Table Of Contents
What Type of Treatment Removes PFAS?
It is currently known that the following 3 treatment processes can be effective for the removal of PFAS in drinking water and wastewater.
- Granular Activated Carbon (GAC) – Filters made from raw organic materials (such as coconut shells or coal) that are high in carbon. Heat, in the absence of oxygen, is used to increase (activate) the surface area of the carbon; this is why these filters are sometimes referred to as “charcoal” filters. Granular activated carbon filters have been recognized as one of the cheapest and most effective technologies for reducing PFAS compounds from water. Spent activated carbon can be thermally reactivated, destroying more than 99.99% of the adsorbed PFAS contaminants and allowing the activated carbon to be recycled and reused.
- Ion Exchange (IX) Resins – Ion exchange is a reversible interchange of charged particles—or ions—with those of like charge. This occurs when ions present on an insoluble IX resin matrix swap places with ions of a similar charge that are present in a surrounding solution. The ion exchange process for PFAS removal is an efficient technology for the remediation of PFAS-laden surface, ground, and effluent wastewater. This approach is most effective at eliminating emerging short-chain PFAS which are not removed by carbon-based adsorption processes.
- High-Pressure Membrane Systems – Membrane filters act as a barrier to separate contaminants from water, and by removing particles that are contaminating the water.
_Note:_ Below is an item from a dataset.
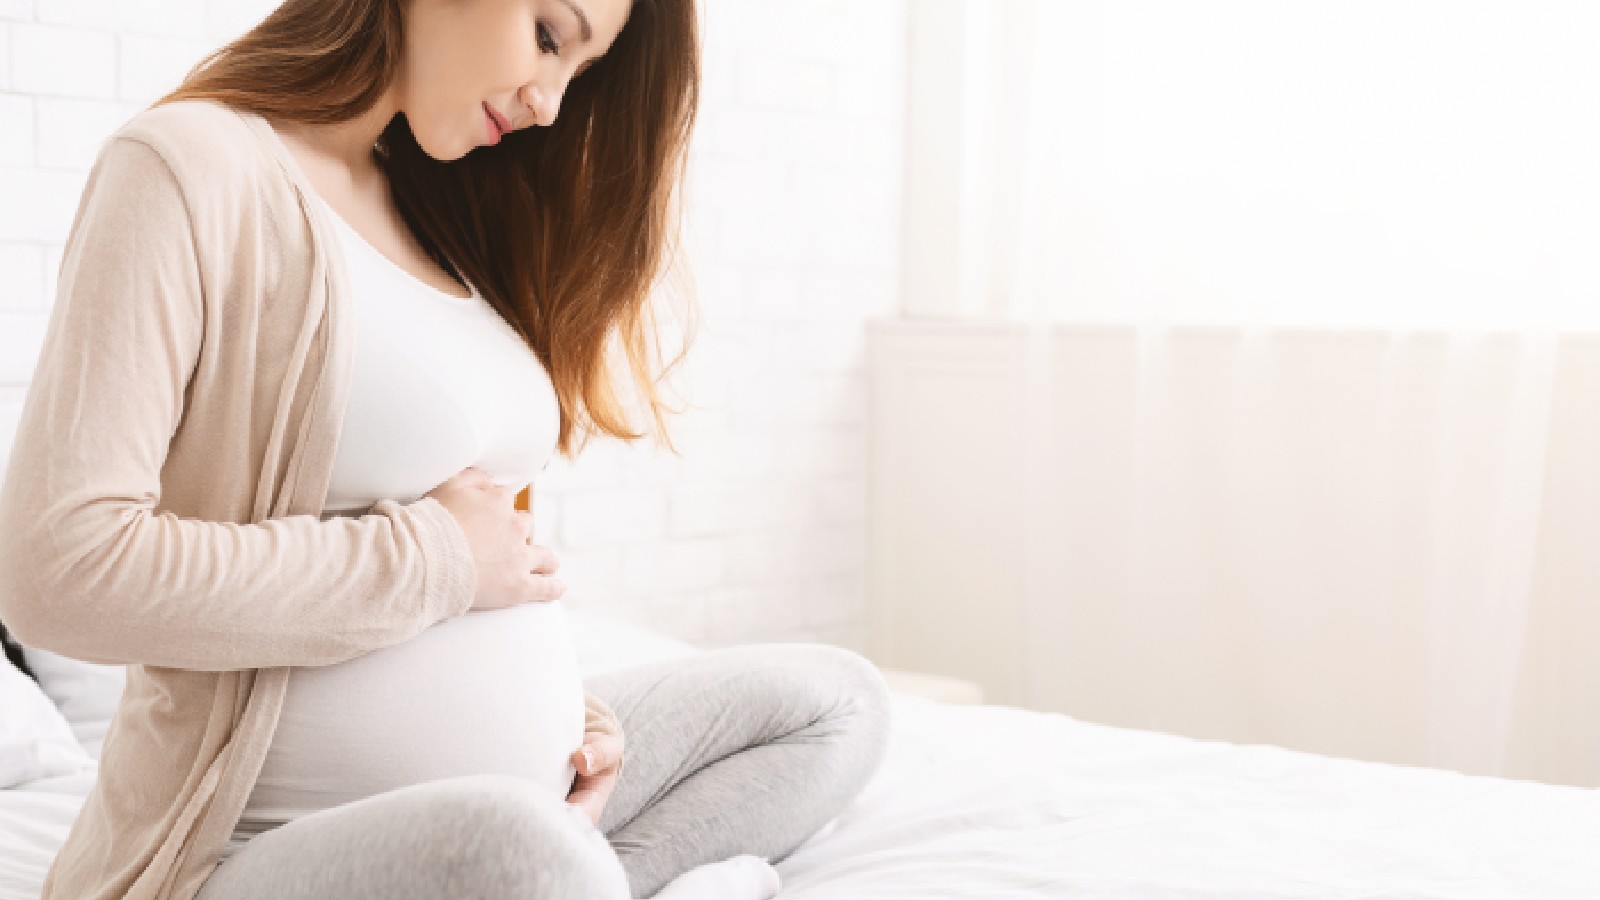 गर्भावस्था के दौरान होने वाले कुछ लक्षण गंभीर होते हैं।
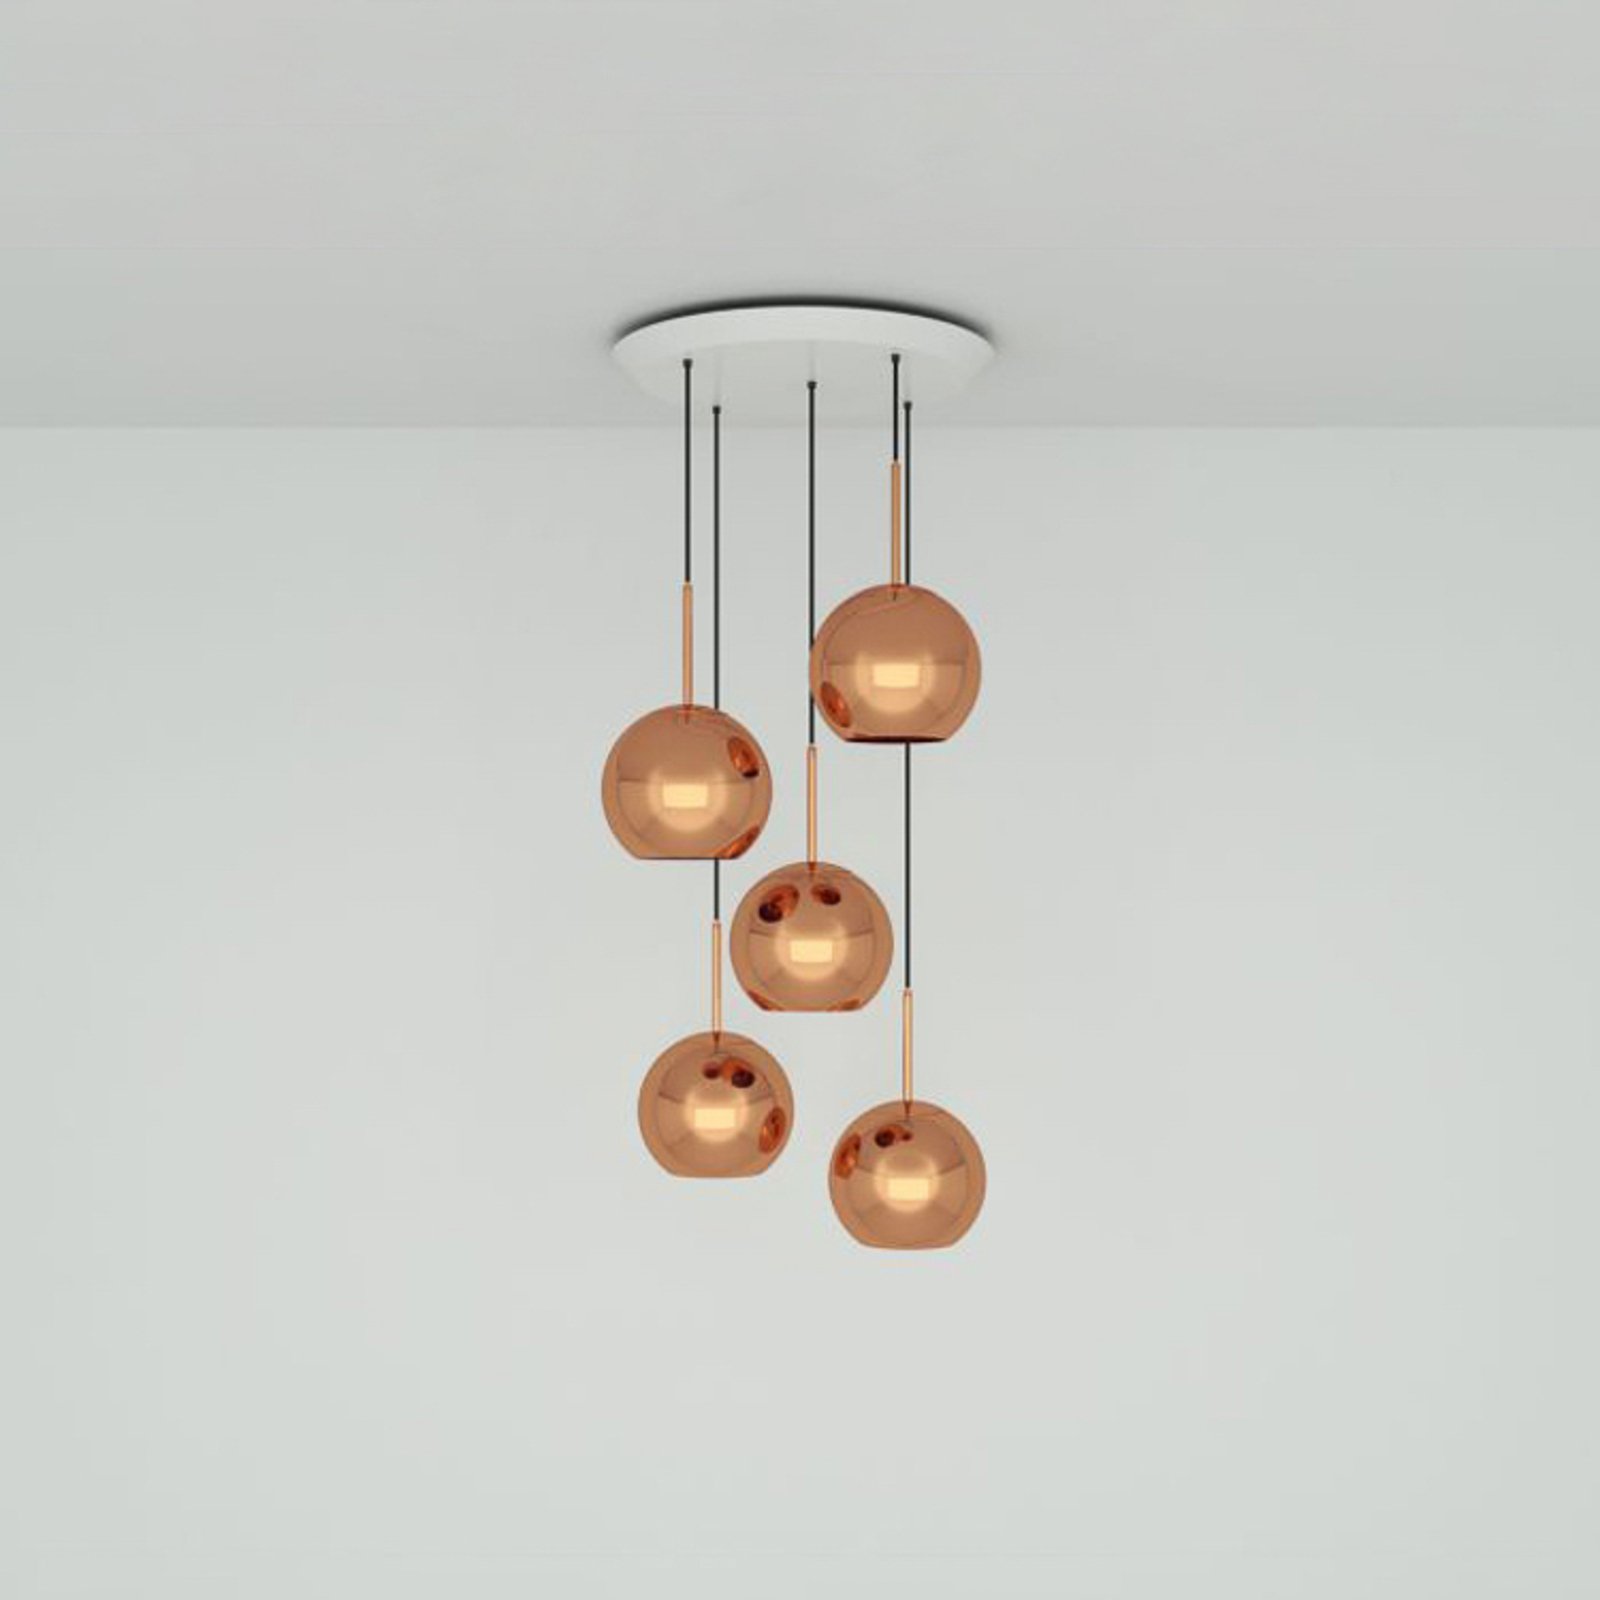 Tom Dixon Copper 25 cm Round hanging light, 5-bulb

The main strength of membrane technology is that it works without the addition of chemicals, with relatively low energy use and easy and well-arranged process conductions. High-pressure membranes, such as nanofiltration or reverse osmosis, have been found to be extremely effective at removing PFAS.
Related Article: Can I Test my Drinking Water for PFAS?
How are PFAS Removed From the Body?
PFAS can be measured with a blood test. Your PFAS blood levels will tell you the amount of PFAS in your body and are determined by how much PFAS you have been exposed to (exposure), minus how much PFAS has left your body (excretion).
Some PFAS leave the body slowly over time through urine. People who have kidney disease may not excrete as much PFAS from their body through their urine as healthy individuals. PFAS also leaves the body in blood during menstruation. Women who menstruate may excrete more PFAS than those who do not. Other PFAS can leave the body in breast milk. Women who breastfeed may excrete more PFAS from their bodies than those who do not.